<< Chapter < Page Chapter >> Page >
This appendix explains how the Speak and Spell speech data was packed in the ROM code. It takes the coded data for a spoken word and shows the process of packing it into a set of data that would be found in the ROM code.

Introduction

A detail worth spending time on is how the speech data was packed into the ROM. An example of how it was done is shown in the following four figures (Figures 1 - 4). Figure 1 is an overview of the packing algorithm that I put together for a presentation on this topic. Figures 2 and 3 show the coded data for the word "cage". The coded data was taken from the information at the top of Figure 4. When the packing process was completed as shown in Figures 2 and 3, the resulting data matches the information in the bottom part of Figure 4. I am relatively certain that just using the four figures won't help much in understanding the process. So, I will pull excerpts from Figures 2 and 3 and use them to explain the process.

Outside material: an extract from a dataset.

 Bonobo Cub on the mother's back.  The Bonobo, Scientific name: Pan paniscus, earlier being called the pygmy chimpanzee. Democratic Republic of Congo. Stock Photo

An overview of how the encoded speech data was stored in memory.

First page of encoded data for the word "cage" (frame number, energy, repeat, pitch, K1 - k6).

Page 2 of encoded data for the word "cage" (K7 - K10)

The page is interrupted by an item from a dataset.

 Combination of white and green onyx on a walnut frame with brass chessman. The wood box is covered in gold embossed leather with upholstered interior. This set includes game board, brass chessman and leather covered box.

Computer printout showing the intitial encoded data and the final packed data for the word "cage"

The top set of data in Figure 4 is the parametric data for the word "cage". The first column is the frame number, the second is the energy level the third column is the pitch period, and the remaining columns are the reflection coefficients going from K1 to K10 starting from the left going to the right. The bottom set of data is the final packed data for the encoded word.

I have taken the first five frames of data from Figures 2 and 3 and put them in Table 1. It will be easier to see the data and explain the process using this table rather than attempting to work through the hand written figures.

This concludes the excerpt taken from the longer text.